Actions Speak Louder than Words... just not in blended families?
There are a lot of women who say they aren't out to take or detract from mom, that they don't want to take her place, that they don't cross boundaries, they are just living their lives. They say this with their words.
But ... if you throw in their actions - going to places they know will upset the parent (dr./school/etc), trying to communicate with mom and getting upset when she doesn't want to deal with SM, acting as an equal when it comes to "time" (OUR time so mom can't see/talk to the kid even if the parent whose time it actually is is not there), attempting to make rules that dictate communication with the parent, overriding her when it comes to things that only affect the kid...

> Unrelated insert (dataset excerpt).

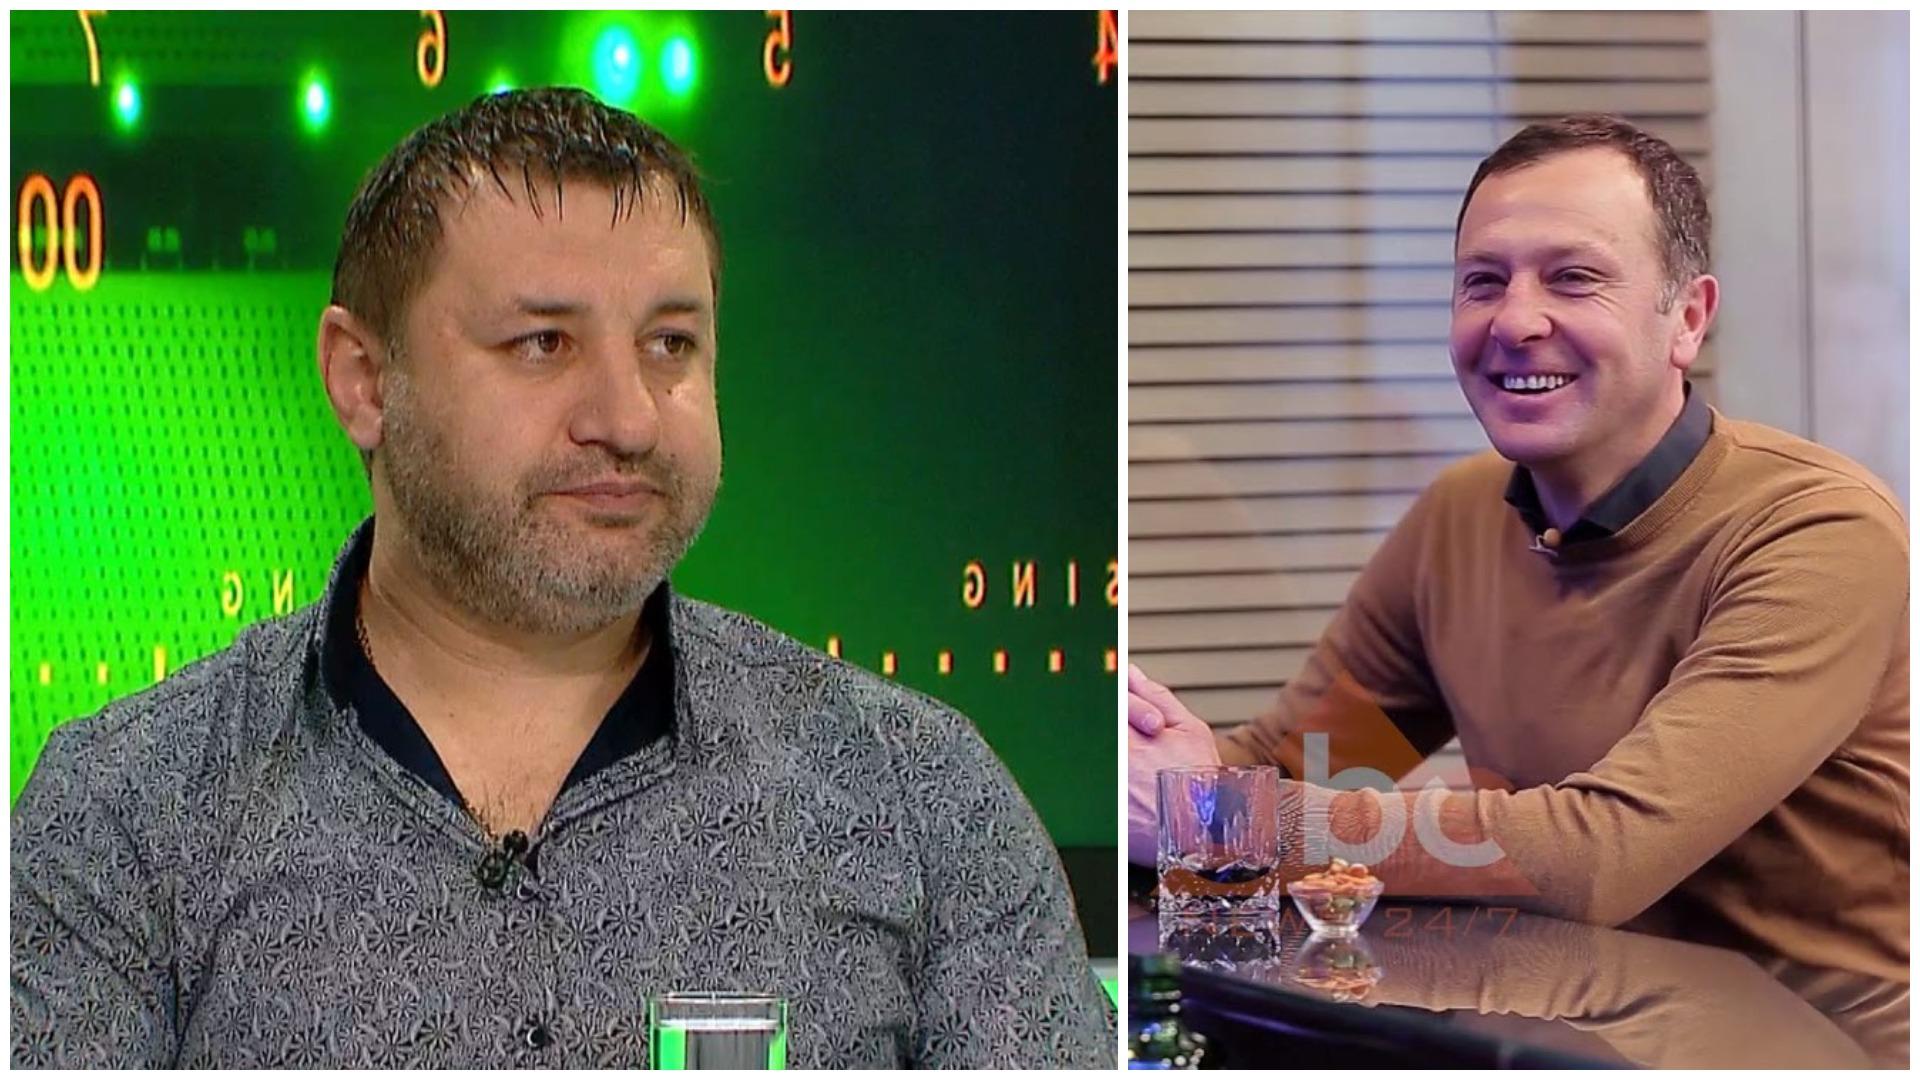 """Dabullës """"i djeg"""" penalltia në Shkodër, Jupi: Sejdini i ngacmoi, patëm probleme"""
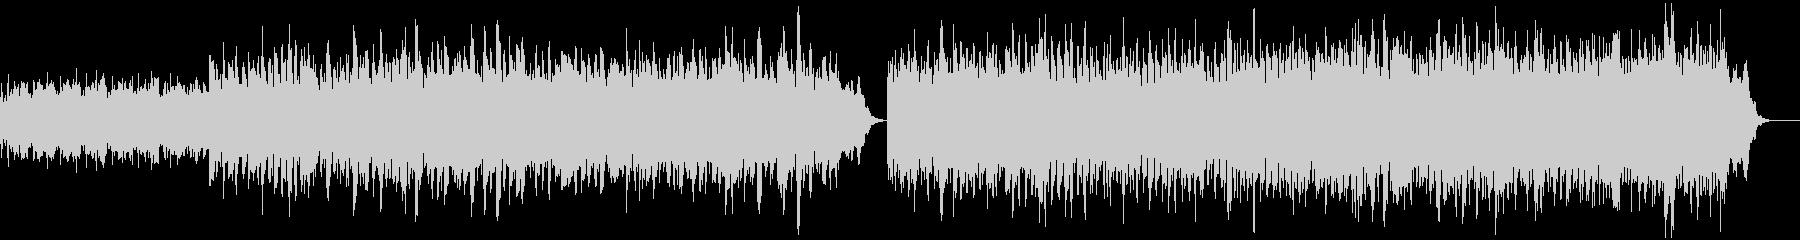 プログレッシブ 交響曲 エピック ...の未再生の波形

Do those actions not show the opposite of the words that so many throw around? That they aren't trying to take over?
I'm not talking house rules, once again, I don't care if you clean and cook and do laundry either. I mean things that have to do with the child/ren and/or mom only (communication being a big one).
I'm talking about if mom doesn't see the point in you showing up to ptconferences but you say you'll go where you want, or if you believe you have the right to go to appointments, any for the kid, that mom will be at just because dad says you should be there and you complain when mom nixes that (tells office not to talk to you, tells officials not to speak to you, etc)....
Do your actions, your insistence, speak louder than your words?
(This can apply to dad's and SFs, but they aren't here so it is angled at moms and SMs.)